Background technique
Fat-soluble nutrients substance refers to that one kind can be dissolved in fat, and then by human body intake, digestion, the object absorbed
Matter, common fat-soluble nutrients substance include fish oil, algae oil, phosphatide, vitamin A, vitamin D, vitamin E etc..Astaxanthin is
A kind of fat-soluble carotenoid nutrient, is the main source of internal vitamin A, while also having inoxidizability, prevention
Cancer, strengthen immunity improve eyesight, anti-aging and other effects.

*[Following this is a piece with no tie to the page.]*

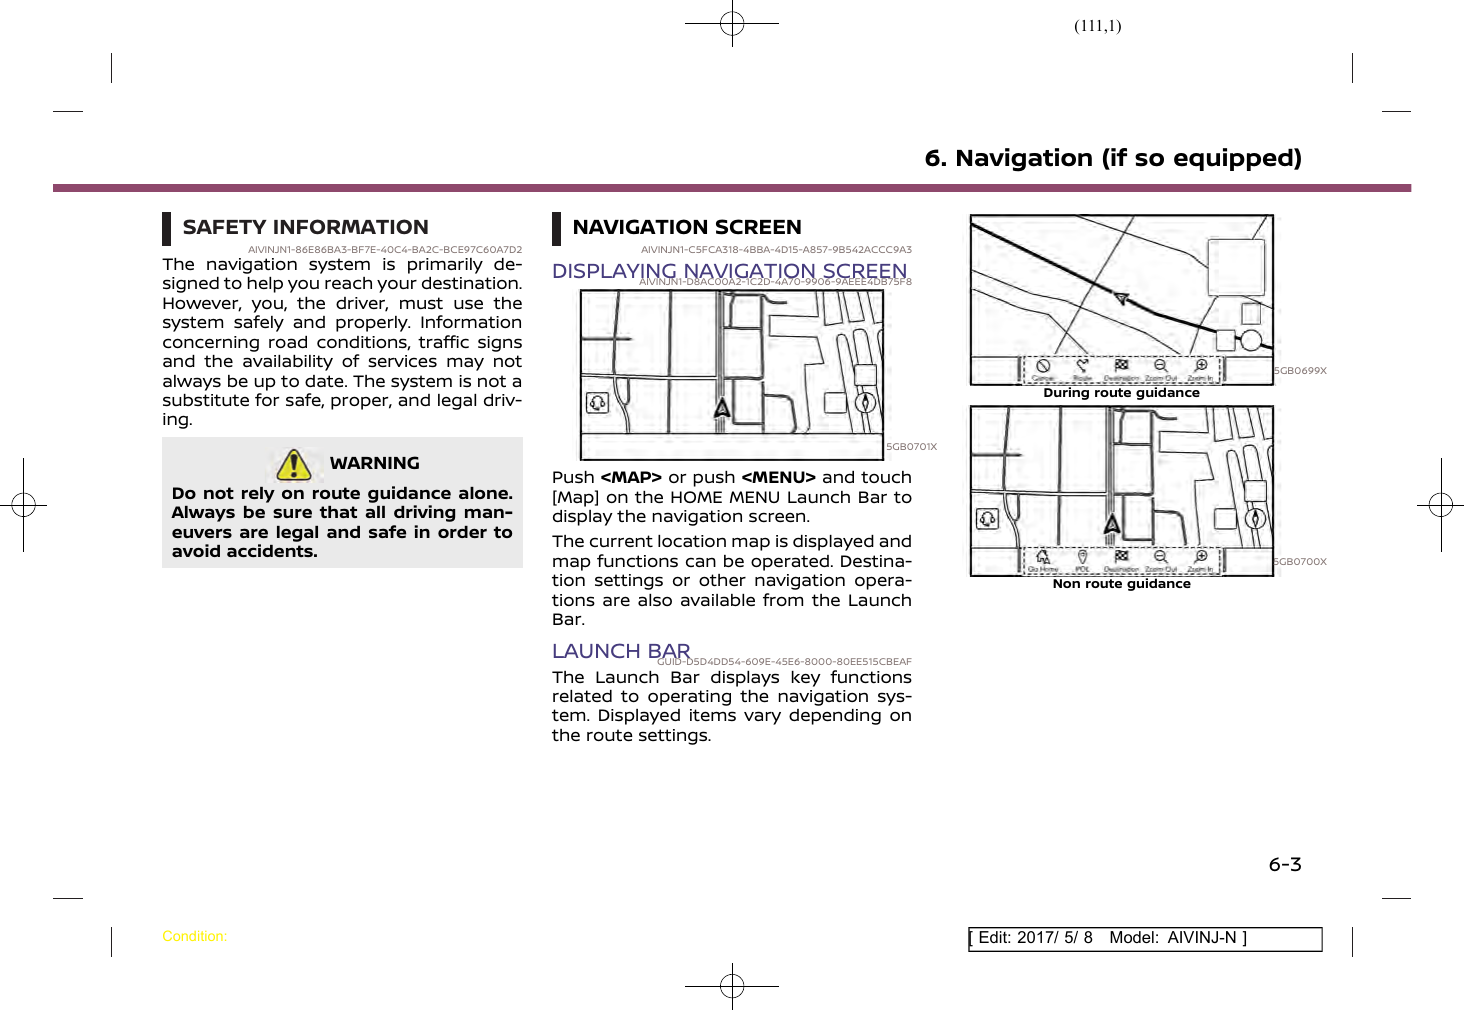 Page 111 of Robert Bosch Car Multimedia AIVICMFB0 Navigation System with Bluetooth and WLAN User Manual

In recent years, astaxanthin is more and more paid attention to as a kind of nutrition and drug ingedient by consumer, but astaxanthin
It is water-soluble poor, limit its application in the food industry.In addition, the double bond on astaxanthin molecular structure makes it vulnerable to oxidation
The influence of a variety of environmental factors such as agent, light, heat, acid and be destroyed, cause unstable product quality.Therefore, astaxanthin is being used for
Before functional food, some form of protection is needed.Common method includes lotion, nanoparticle, liposome etc., but above-mentioned load
Fortune system all by by small molecule object small intestine stablize discharge for the purpose of.Astaxanthin is to the colons class disease such as intestinal inflammatory, intestinal cancer
Disease has good protective action, but divides in the absorption site of astaxanthin and the otherness of action target spot and astaxanthin transport process
The change of minor structure is applied to exert a certain influence.Therefore, construct it is a kind of can make astaxanthin colon site stabilization release
The carrier put is tied to form as a kind of urgent demand.
Summary of the invention
The purpose of the present invention is overcoming the prior art, preparing a kind of can be such that astaxanthin stablizes in colon to discharge and inhale
The carrying system of receipts.
In order to achieve the above object, the present invention provides a kind of preparation method of astaxanthin-calcium alginate microsphere, including step
It is rapid:
S1, it prepares oily phase: taking astaxanthin to be dissolved in olive oil, be configured to oily phase;The weight of the astaxanthin and olive oil
Measure volume ratio are as follows: 1:90~1:110g/ml;
S2, preparation water phase: it takes lecithin to be dissolved in the water, is configured to water phase;The solid-liquid ratio of the lecithin and water are as follows: 1:
15~1:35g/ml
S3, mixing: by oil described in step S1, mutually 1:24~1:9 is mixed by volume with water phase described in step S2,13000~
15000rpm/min 2~4min of high speed dispersion, obtains mixed liquor A;
S4, homogeneous: it by mixed liquor A described in step S3 high-pressure homogeneous 2~5 times under 9000~10000psi pressure, obtains
Stable astaxanthin-lecithin emulsions;
S5, dispersion: being added sodium alginate for astaxanthin described in step S4-lecithin emulsions, 20~25 DEG C, stirring, sufficiently
After mixing, 14000~16000rpm/min, 2~3min of high speed dispersion obtains mixed liquid B;The sodium alginate and astaxanthin-ovum
The w/v of phospholipid emulsion is 1:50~1:25g/ml;
S6, microballoon preparation: mixed liquid B described in step S5 is atomized to the calcium chloride for instilling 5~10g/ml with spraying mode
It in solution, is stirred and evenly mixed at 20~25 DEG C, obtains final product astaxanthin-calcium alginate microsphere;The mixed liquid B and calcium chloride solution
Volume ratio be 1:100~1:120.
It under preferred embodiment, is stirred described in step S5 specifically: 250~350rpm stirs 30~40min.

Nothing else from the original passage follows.